Death to the Inner Sphere!
Long live the Wolf!
You must mean Vlad’s Wolves because both Clan Wolf during Operation Revival and Phelan’s Wolves are wardens that consider tasks of Clans to be protecting IS instead of invading it like crusaders.
Awesome! How did I know @wittmann007 would support the Clans? And not just any Clan, but Clan Wolf, the true bloodline of none other than Kerensky himself?
@mecha82 – don’t many of the Clans switch camps between Wardens and Crusaders? From what I understand, Clan Wolf was originally hard-core Wardens, and had to be basically dragged into the Inner Sphere invasion of 3050. Once there, however, they conquered more worlds than any other clan, including Jade Falcon, Nova Cats, Smoke Jaguars, and yes . . . admittedly even Clan Ghost Bear. Then the Jade Falcons turned on the Wolf in the Refusal War (presumably over leadership of the Clans?) and how the survivors are full-blown Crusaders (with a Warden remnant with Clan Wolf-in-Exile)?
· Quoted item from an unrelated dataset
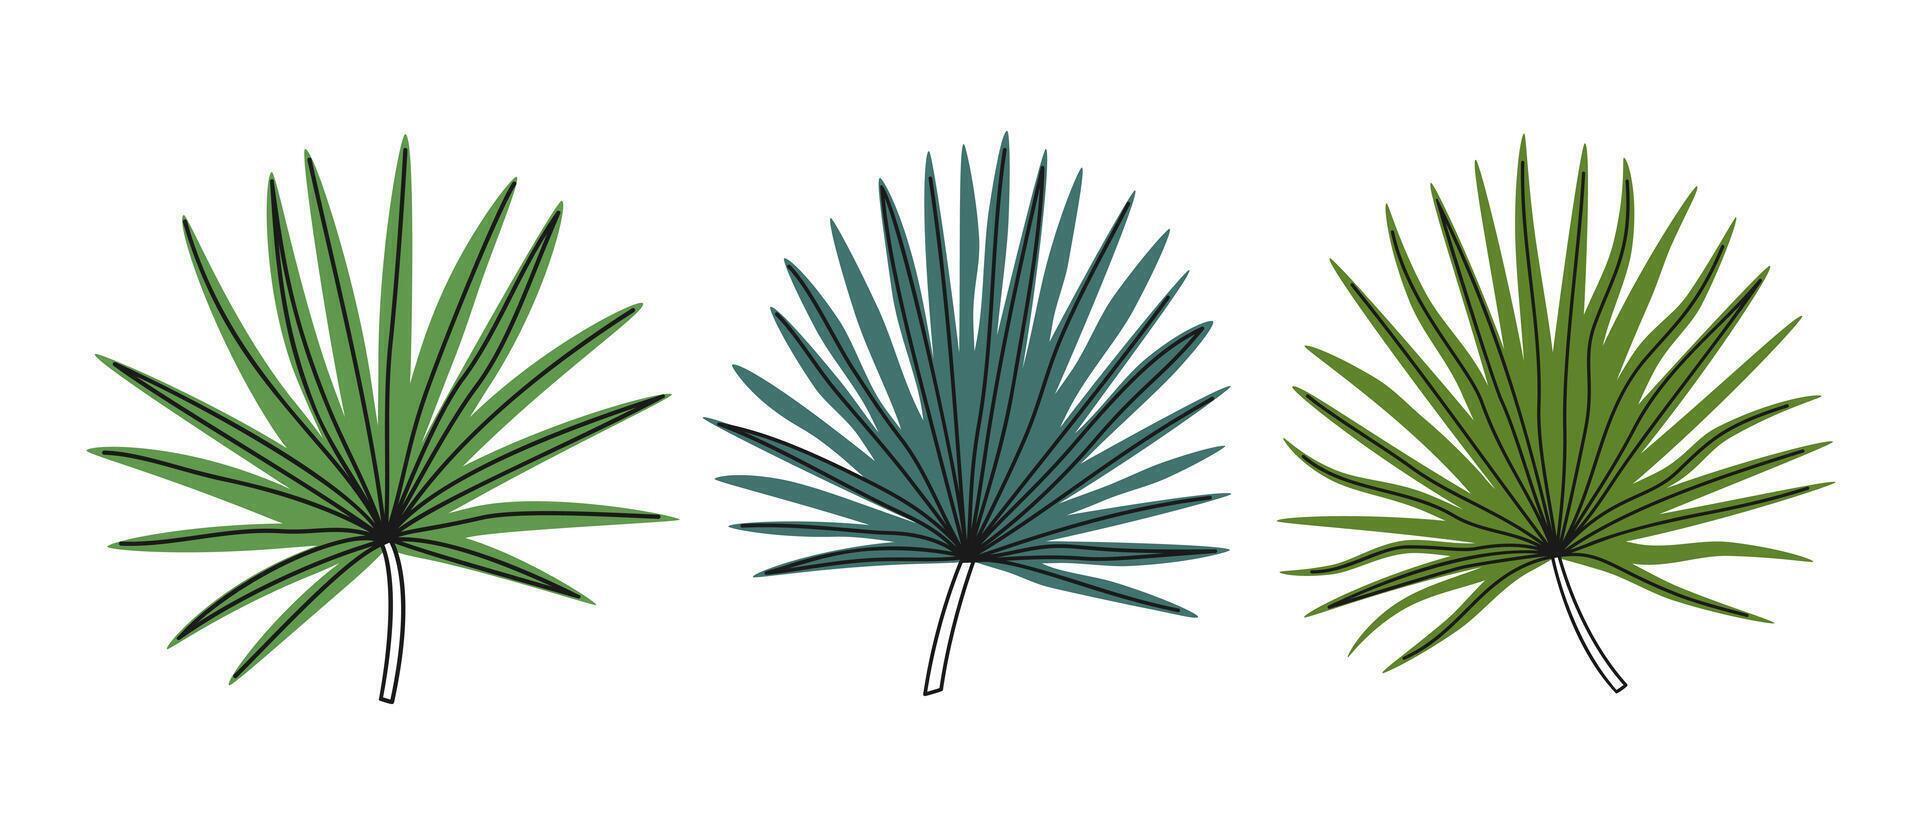 Hand drawn cute summer illustration of palm leaves set. Flat botanical frond elements in simple colored doodle style. Tropical exotic floral icon or print. Isolated on white background. vector

I don’t know all the details, obviously. I took a quick spin through the BattleTech wiki and now I’m even more confused. 😀
Yeah, those that followed Phelan Kell (Clan Wolf-in-Exile) after Refusal War to IS are wardens that carry iKhan Ulric Kerensky’s will of warden way while Clan Wolf led by Vlad Ward that stayed in Clan Space and were allied with Clan Jade Falcon led by Martha Pryde until being kicked out with all other IS Clans by Home Clans (Clans that don’t have territories in IS) are hardcore crusaders. Clan Wolf-in-Exile are staying in Lyran Alliance just like Clan Nova Cat is staying in Draconis Combine.
It’s not so much that the wolves switched as much as got exiled and some remnants reformed by a crusader clan. And yes the wolves did conquer more of the inner sphere than any other clan, but they did it so that their leader could use it as a defense when the other khans accused them of trying to hinder the war effort (which they in fact were trying to do). Khan Ulric used their successes to also propel him to the il-khan (supreme commander) of the clans. He used this so he could engineer a proxy battle at tukayid that would result in a cease fire (despite the wolves achieving they’re objective). So yes they did conquer the most, but they did so with the endgame of leveraging their victories into an end to the invasion.
I really wish you could edit posts.
To be accurate it was warden part of Clan Wold that become Clan Wolf-in-Exile while what was first Clan Jade Wolf and then Clan Wolf led by Vlad Ward was formed by crusader part of Clan Wolf that were left behind. Basically whole crusaders vs wardens is so serious business that it effects politics within Clan as much as it does politics between Clans.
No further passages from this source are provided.